Using HCT116 CRC cells with targeted deletions of TP53 and HIF1A, we examined the effects of p53 loss on HIF-1 signalling and the respective consequences for metabolic adaptation as well as the survival of CRC cells under moderate (1% O₂) and severe (0.1% O₂) hypoxia.

Results

Severe hypoxia stabilized p53 protein levels despite the transcriptional repression of TP53, possibly through posttranslational mechanisms and dependent on nutrient availability. In contrast to the assumption that p53 is transcriptionally inactive under hypoxia, we observed stable expression of p53 target genes (P21, BAX) under severe hypoxia, indicating functional transactivation. Loss of p53 impaired the early induction of HIF-1 target genes (VEGF, PHD2), although HIF-1α protein levels and DNA binding were unaffected, suggesting a coactivator role for p53. Furthermore, compared with wild-type cells, p53-deficient cells presented delayed but exaggerated expression of glycolytic genes, including Glucose Uptake Transporter 1 (GLUT1), Phosphofructokinase Liver-Type (PFKL) and Lactate Dehydrogenase A (LDHA), under hypoxia, with no impairment of glycolytic function or cell viability.

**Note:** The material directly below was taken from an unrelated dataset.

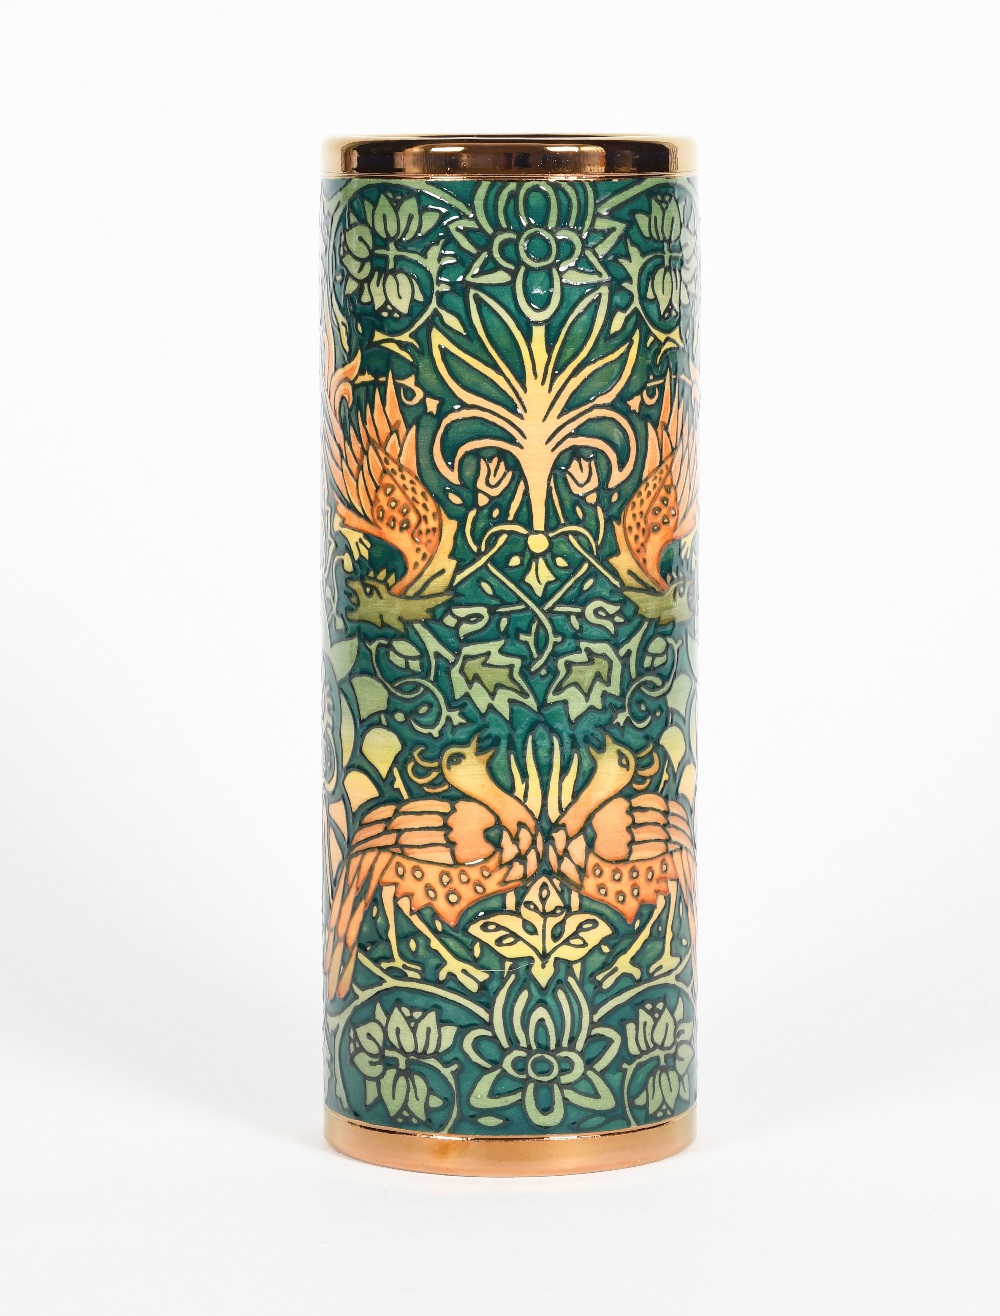 'Dragon and Peacock' a Dennis China Works limited edition Spill vase designed by Sally Tuffin, dated

Remarkably, even HIF1A knockout cells preserved glycolysis, whereas glycolytic genes were significantly downregulated, indicating HIF-1-independent metabolic compensation.

Conclusion

Our findings position p53 as a temporal gatekeeper and key regulator of hypoxic adaptation in CRC cells, coordinating early gene induction and metabolic responses. The ability of CRC cells to maintain glycolysis despite the loss of p53, respectively, HIF-1α underscores the existence of compensatory HIF-independent pathways. Targeting these alternative circuits may represent a promising strategy in hypoxic, p53-deficient CRC.